Memories are never deleted automatically. They fade from relevance but can be revived if accessed again.

---

## Dual-Strength Memory

Based on **Bjork & Bjork's New Theory of Disuse (1992)**, every memory has two strengths:

| Strength | What It Means | How It Changes |
|----------|---------------|----------------|
| **Storage Strength** | How well-encoded the memory is | Only increases, never decreases |
| **Retrieval Strength** | How accessible the memory is now | Decays over time, restored by access |

**Why it matters**: A memory can be well-stored but hard to retrieve (like a name on the tip of your tongue).

---

## The Testing Effect

The **Testing Effect** (Roediger & Karpicke, 2006) is the finding that retrieving information strengthens memory more than re-studying it.
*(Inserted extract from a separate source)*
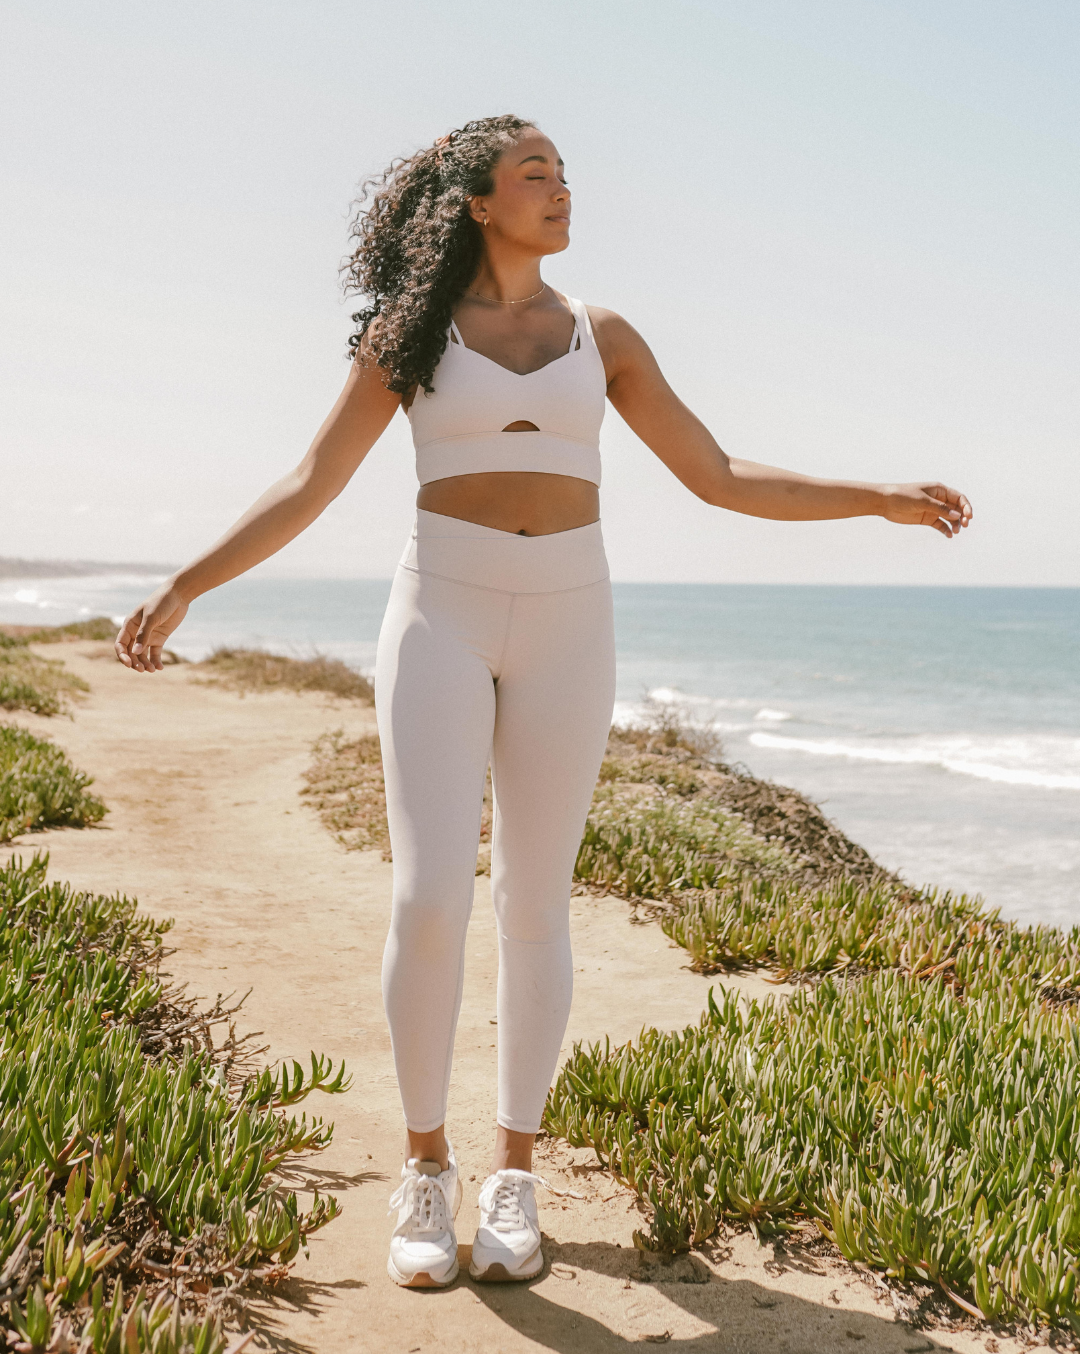 
                  
                    Squatproof white yoga leggings for women

In Vestige: **Every search automatically strengthens matching memories.** When Claude recalls something:
- Storage strength increases slightly
- Retrieval strength increases
- The memory becomes easier to find next time

This is why the unified `search` tool is so powerful—using memories makes them stronger.

---

## Spreading Activation

**Spreading Activation** (Collins & Loftus, 1975) is how activating one memory primes related memories.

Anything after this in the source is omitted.